= Scott continuity =

Definition of continuity for functions between posets

In mathematics, given two partially ordered sets P and Q, a function f: P → Q between them is Scott-continuous (named after the mathematician Dana Scott) if it preserves all directed suprema. That is, for every directed subset D of P with supremum in P, its image has a supremum in Q, and that supremum is the image of the supremum of D, i.e. ∐f[D] = f(∐D), where ∐ is the directed join. When Q is the poset of truth values, i.e. Sierpiński space, then Scott-continuous functions are characteristic functions of open sets, and thus Sierpiński space is the classifying space for open sets.

A subset U of a partially ordered set P is called Scott-open if it is an upper set and if it is inaccessible by directed joins, i.e. if all directed sets D with supremum in U have non-empty intersection with U. The Scott-open subsets of a partially ordered set P form a topology on P, the Scott topology. A function between partially ordered sets is Scott-continuous if and only if it is continuous with respect to the Scott topology.

The Scott topology was first defined by Dana Scott for complete lattices and later defined for arbitrary partially ordered sets.

Scott-continuous functions are used in the study of models for lambda calculi and the denotational semantics of computer programs.

==Properties==
A Scott-continuous function is always monotonic, meaning that if A ≤_{P} B for A, B ∈ P, then f(A) ≤_{Q} f(B).

A subset of a directed complete partial order is closed with respect to the Scott topology induced by the partial order if and only if it is a lower set and closed under suprema of directed subsets.

A directed complete partial order (dcpo) with the Scott topology is always a Kolmogorov space (i.e., it satisfies the T_{0} separation axiom). However, a dcpo with the Scott topology is a Hausdorff space if and only if the order is trivial. The Scott-open sets form a complete lattice when ordered by inclusion.

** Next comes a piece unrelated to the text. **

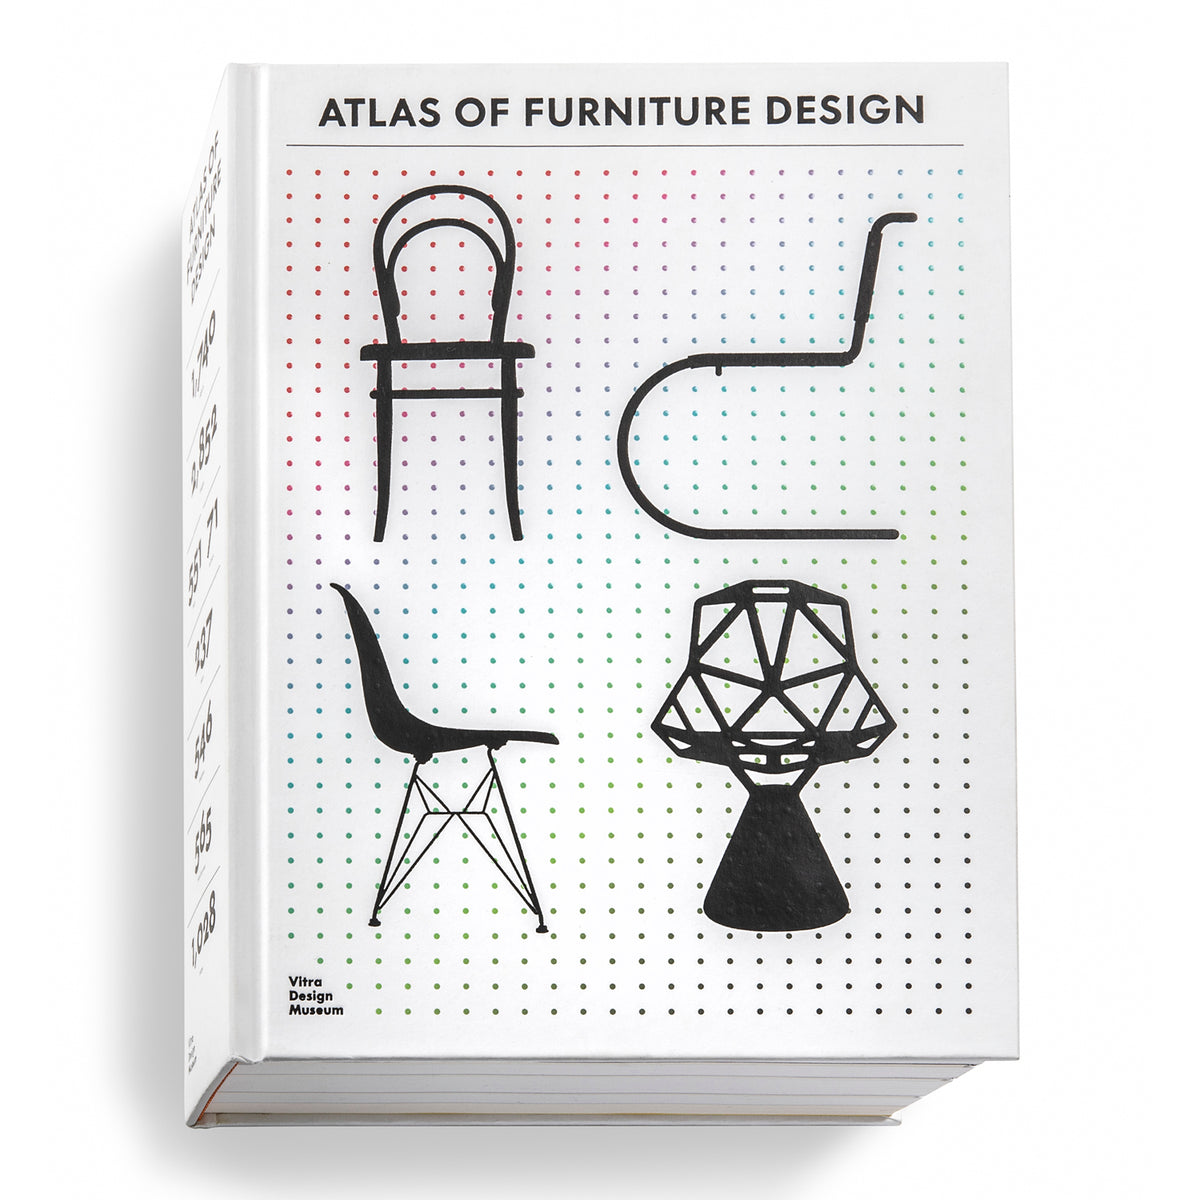 Atlas du design de meubles par Vitra

For any Kolmogorov space, the topology induces an order relation on that space, the specialization order: x ≤ y if and only if every open neighbourhood of x is also an open neighbourhood of y. The order relation of a dcpo D can be reconstructed from the Scott-open sets as the specialization order induced by the Scott topology. However, a dcpo equipped with the Scott topology need not be sober: the specialization order induced by the topology of a sober space makes that space into a dcpo, but the Scott topology derived from this order is finer than the original topology.

==Examples==
The open sets in a given topological space when ordered by inclusion form a lattice on which the Scott topology can be defined. A subset X of a topological space T is compact with respect to the topology on T (in the sense that every open cover of X contains a finite subcover of X) if and only if the set of open neighbourhoods of X is open with respect to the Scott topology.

For CPO, the cartesian closed category of dcpo's, two particularly notable examples of Scott-continuous functions are curry and apply.

Nuel Belnap used Scott continuity to extend logical connectives to a four-valued logic.